Images generated by TaxaDiffusion at different taxonomic levels exhibit a progressive emergence of biological traits: - Family: Chaetodontidae (butterflyfishes): Ocular black stripes, elongated dorsal fin. - Genus: Amphichaetodon: Black vertical stripes. - Genus: Chaetodon: Large black spot near the caudal fin.

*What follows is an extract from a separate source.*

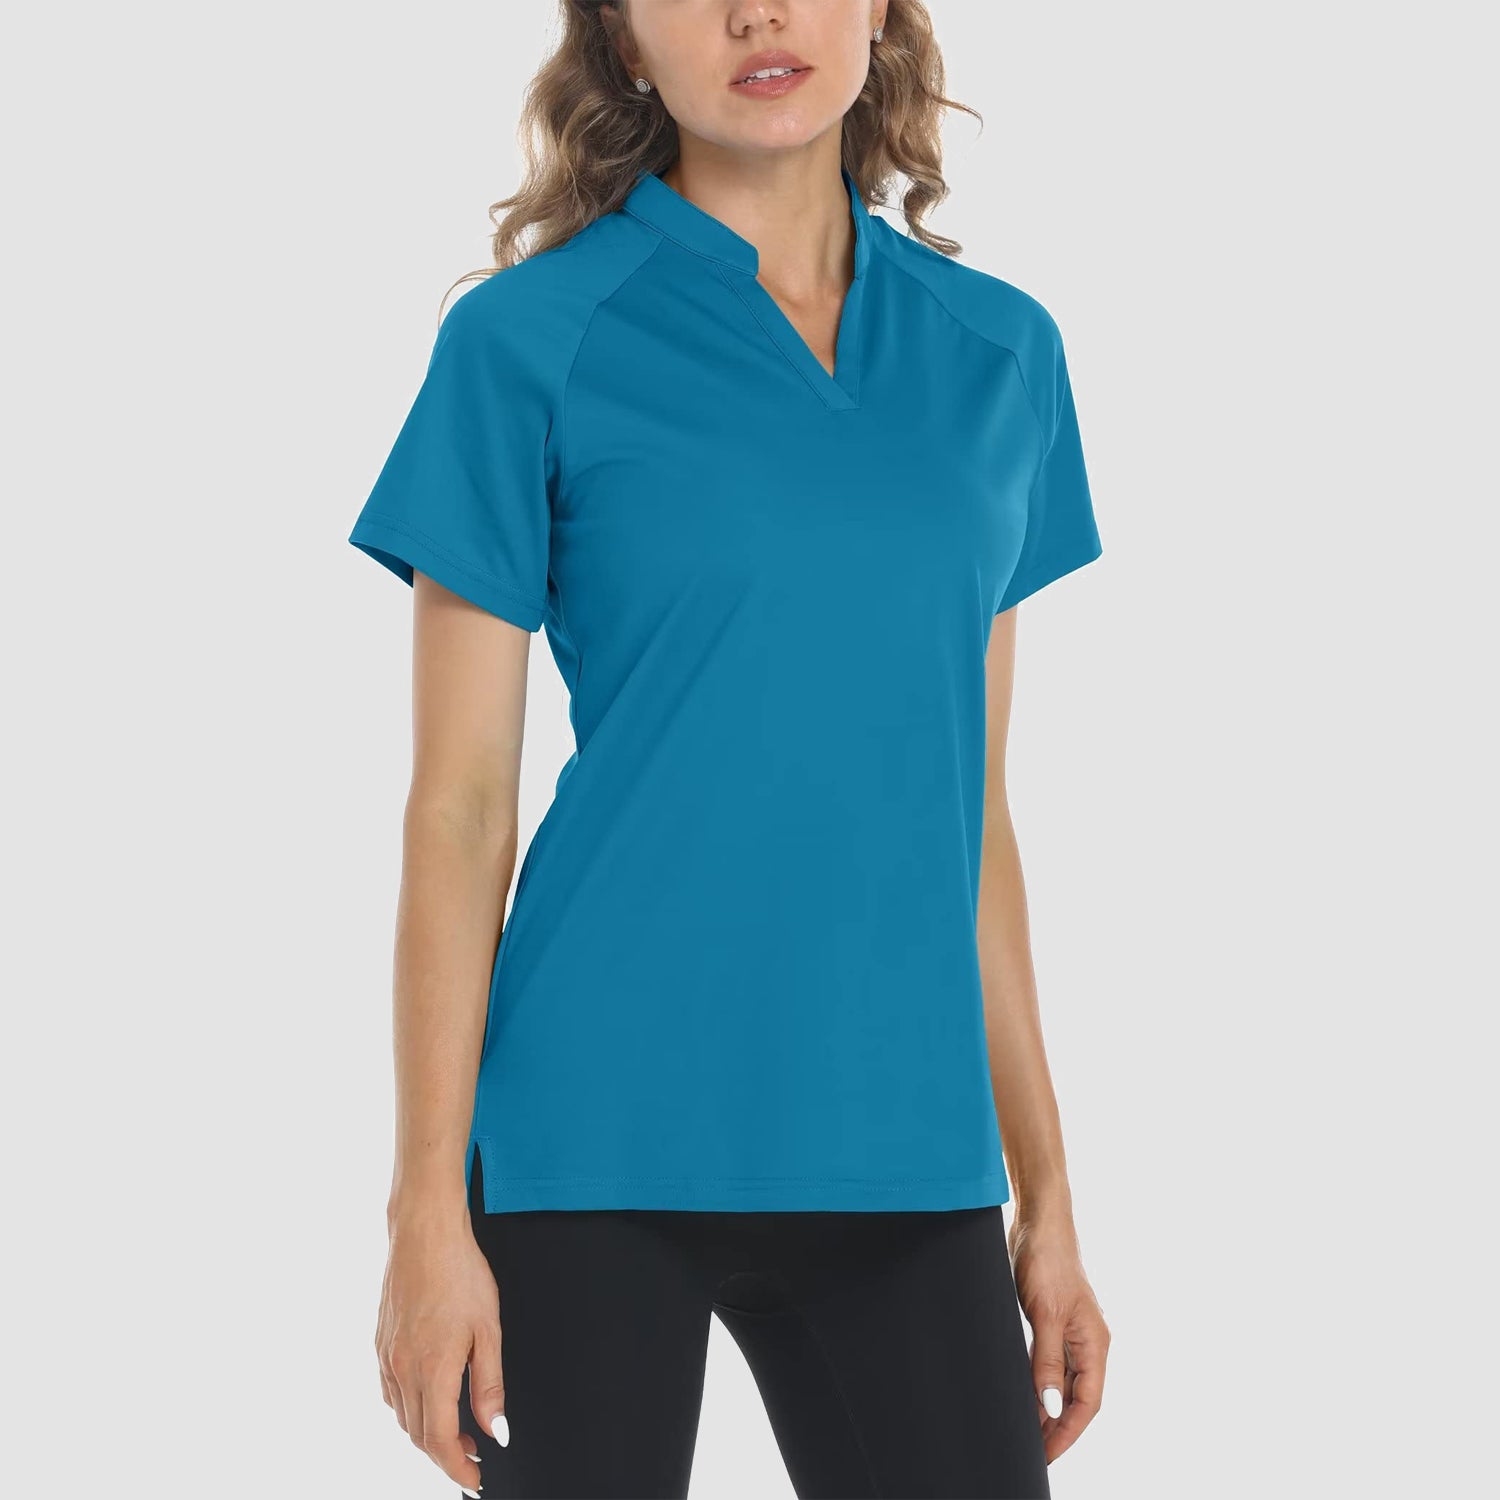 Women's T-Shirt Short Sleeve Quick Dry V-Neck Athletic Tee Shirt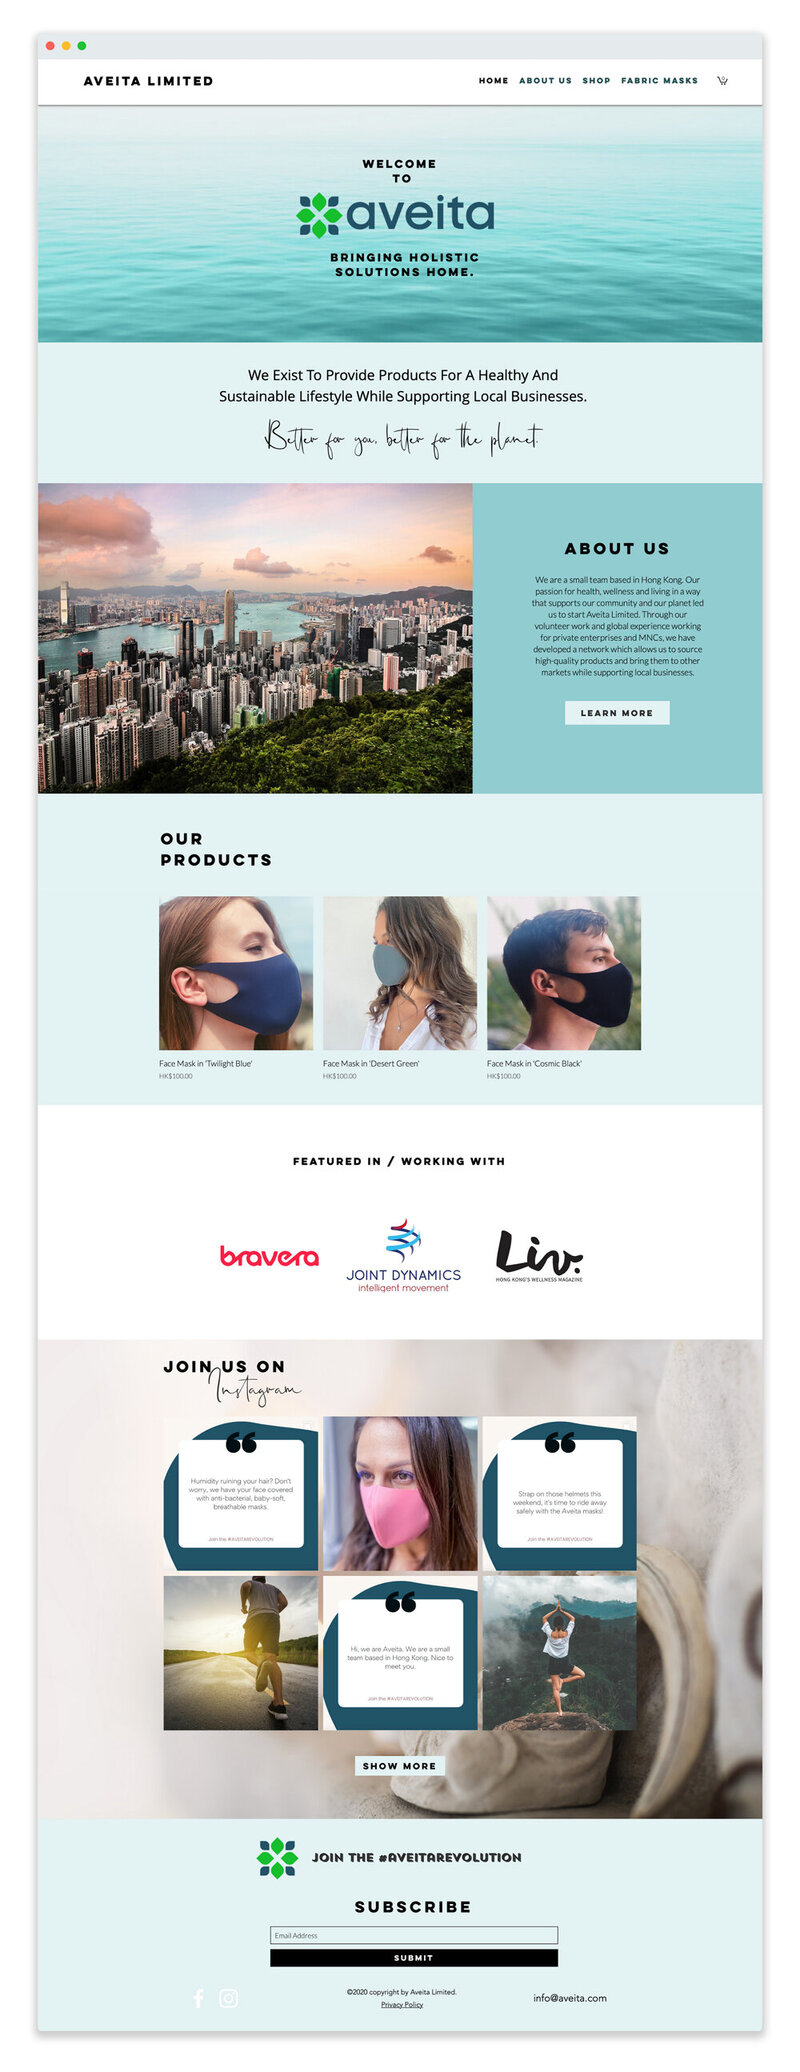 E-Commerce Website Design Service in Hong Kong by Web Designer Kyra Janelle for Lifestyle Brand, Aveita Limited.

The transition from Family to Genus preserves shared features (ocular stripes) while acquiring genus-specific characteristics (stripe patterns), demonstrating the hierarchical learning effect of progressive training.

Highlights & Insights

  1. Domain knowledge-driven algorithm design: Integrating the accumulated scientific framework of biological taxonomy into diffusion model training serves as an exemplar of interdisciplinary methodology.
  2. Progressive training as a simulation of evolution: The coarse-to-fine training procedure mirrors the branching process of species evolution, enabling the model to first learn shared traits before learning distinctions.
  3. Knowledge transfer enables few-shot learning: For rare species with only 1–5 samples, the model only needs to learn the subtle differences from congeneric species in the final stage, with all prior stage knowledge transferring from phylogenetically related species.
  4. Elegant design of TaxaGuide: Replacing the unconditional estimate with a high-level taxonomic condition focuses the guidance direction on the transition from shared to species-specific features.
  5. Trait discovery application: Generated images can assist biologists in discovering and visualizing evolutionary traits at different taxonomic levels.

Limitations & Future Work

  1. The current use of U-Net (SD v1.5) without leveraging more modern Transformer architectures (e.g., DiT) may limit the performance ceiling.
  2. Training 250K iterations per taxonomic level results in long total training time across seven levels.
  3. Validation is limited to animal and plant datasets; generalization to other fine-grained domains (e.g., minerals, architectural styles) remains unexplored.
  4. Taxonomy does not fully correspond to evolutionary relationships (e.g., genetic similarity), and visual similarity is not always linearly correlated with taxonomic distance.
  • Fine-grained generation: sketch-based control, attribute manipulation, personalized generation → Ours (taxonomy-conditioned progressive training)
  • Progressive hierarchical generation: VQ-VAE multi-scale autoencoders, HI-Diff (hierarchical diffusion deblurring) → Ours (taxonomy-level progressive diffusion)
  • Diffusion model fine-tuning: LoRA, DreamBooth, Textual Inversion → Ours (LoRA domain adaptation + progressive conditional modules)

Rating

  • Novelty: ⭐⭐⭐⭐⭐ — Introducing taxonomic hierarchy into the diffusion training paradigm; biology-inspired design is highly original.
  • Technical Depth: ⭐⭐⭐⭐ — Simple yet effective design; TaxaGuide inference guidance is theoretically grounded.
  • Experimental Thoroughness: ⭐⭐⭐⭐⭐ — Three datasets + SOTA comparison + comprehensive ablations + trait discovery case studies.
  • Value: ⭐⭐⭐⭐ — Direct applicability to biodiversity research (species identification, trait visualization).